To plot the Leafmap using the Brazil vector boundaries, we can run the earlier leafmap code, but with the newly clipped data.

```
m = leafmap.Map(center=(-10, -52), zoom=4)  # Centered on Brazil

m.add_raster(
    "/content/drive/MyDrive/crop yields/maize_clipped_brazil.tif",
    layer_name="Brazil Maize",
    cmap=cmap,
    vmin=vmin,
    vmax=vmax,
    nodata=0,
)

m.add_legend(title="Limiting Factors for Maize Growth", legend_dict=legend_dict)
m
```

In [None]:
import rasterio

out_image, out_transform = rasterio.mask.mask(src, shapes, crop=True)

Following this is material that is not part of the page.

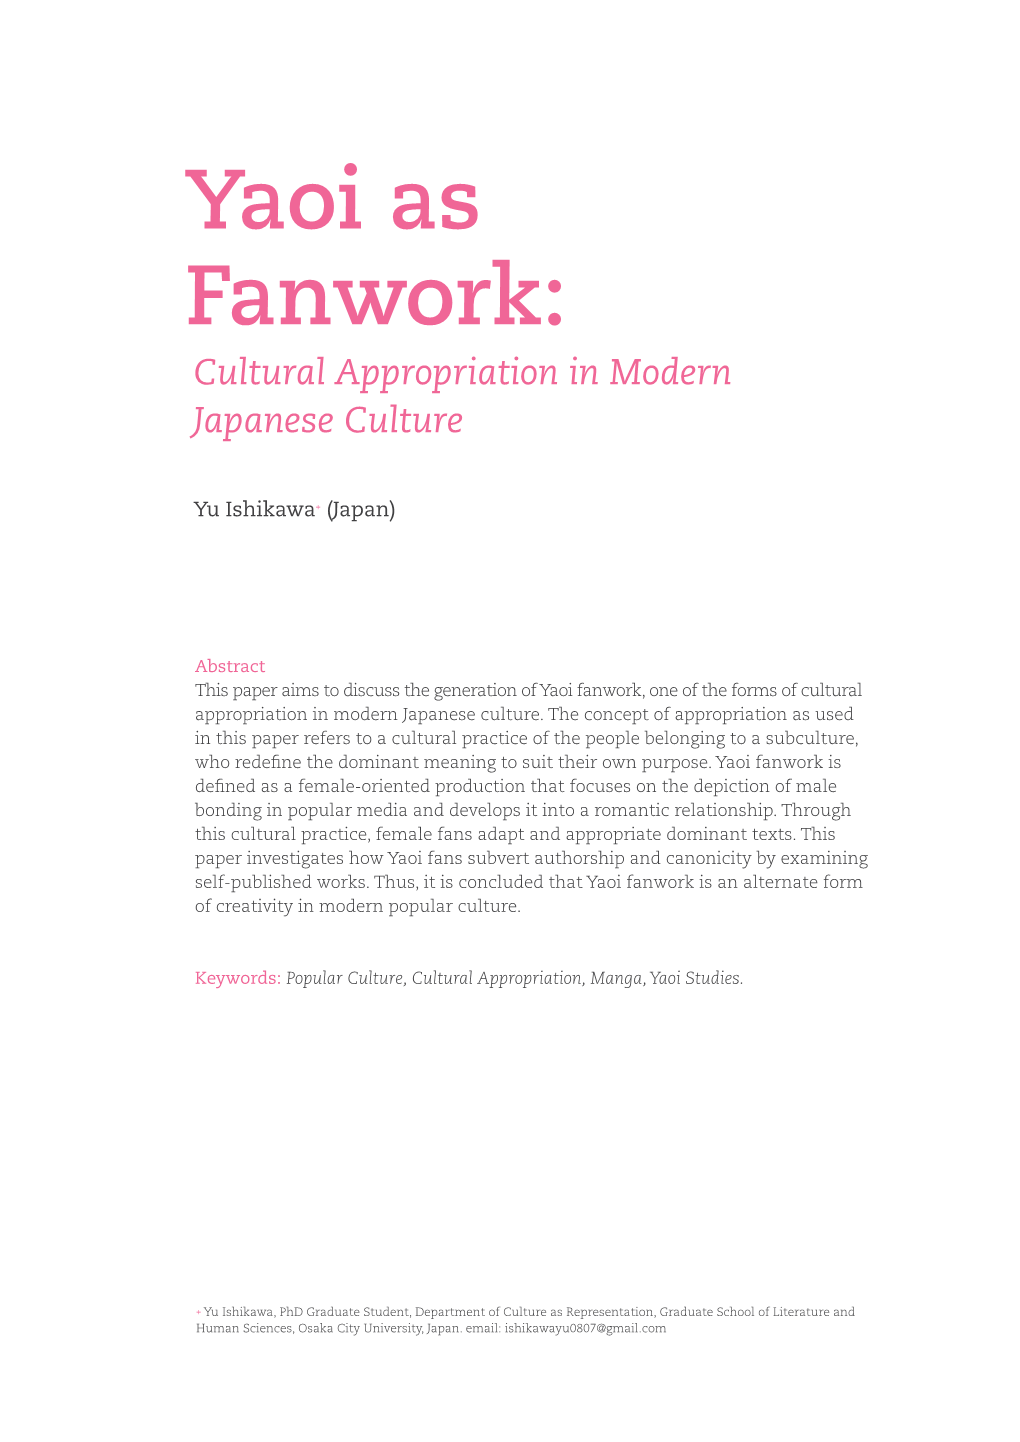 Cultural Appropriation in Modern Japanese Culture

# Use the original profile and update it for the new clipped raster
out_meta = src.meta.copy()

out_meta.update({
    "driver": "GTiff",
    "height": out_image.shape[1],
    "width": out_image.shape[2],
    "transform": out_transform
})

# Save the clipped precip raster
with rasterio.open("/content/drive/MyDrive/crop yields/precip_brazil.tif", "w", **out_meta) as dest:
    dest.write(out_image)

    import rioxarray as rxr

precip = rxr.open_rasterio("/content/drive/MyDrive/crop yields/precip_brazil.tif", masked=True).squeeze()

# Load both rasters
yield_var = rxr.open_rasterio("/content/drive/MyDrive/crop yields/maize_clipped_brazil.tif", masked=True).squeeze()
precip = rxr.open_rasterio("/content/drive/MyDrive/crop yields/precip_brazil.tif", masked=True).squeeze()

# Reproject precipitation to match yield raster
precip = precip.rio.reproject_match(yield_var)

Next, we'll calculate the precipitation values from within the clipped raster.

```
import numpy as np
import xarray as xr

# Mask where there's no data in either
valid_mask = (~yield_var.isnull()) & (~precip.isnull())

# Extract valid values
yield_vals = yield_var.where(valid_mask).values.flatten()
precip_vals = precip.where(valid_mask).values.flatten()
```

Now, we'll find the average precipitation for each of the 7 categories identified by Ray et al. representing influence of climate variability.

```
import pandas as pd

df = pd.DataFrame({
    "yield_var_cat": yield_vals.astype(int),
    "precip": precip_vals
})

# Keep only yield_var_cat values between 1 and 7, excluding 0/No Data areas because of difficulty wrangling
df = df[df["yield_var_cat"].between(1, 7)]

# Remove NaNs (in case precip still has them)
df = df.dropna()

# Group by yield variability class
avg_precip_by_class = df.groupby("yield_var_cat")["precip"].mean()
print(avg_precip_by_class)
```

Finally, we'll make a simple bar graph to represent this data.

```
import matplotlib.pyplot as plt

fig, ax = plt.subplots(figsize=(8, 5))  # adjust size as needed

avg_precip_by_class.plot.bar(
    ax=ax,
    title="Avg Precip by Maize Yield Variability Explained by Climate Variability"
)

ax.set_ylabel("Average Monthly Precipitation (mm)")  # Add y-axis label
ax.set_xlabel("Yield Variability Class")      # Add x-axis label
plt.show()
```

#### **Questions**

1. What do we observe in this final graph? Does there seem to be a pattern?
2. In areas where climate (and precip) variability has more of an impact, how can farmers protect themselves against climate change? How can governments help?
3. Taking a step back, if farmers in certain regions are experiencing a lot of variability in crop yields, how might they adjust their decisions on sowing and harvesting? Could it drive them to abandon farming altogether?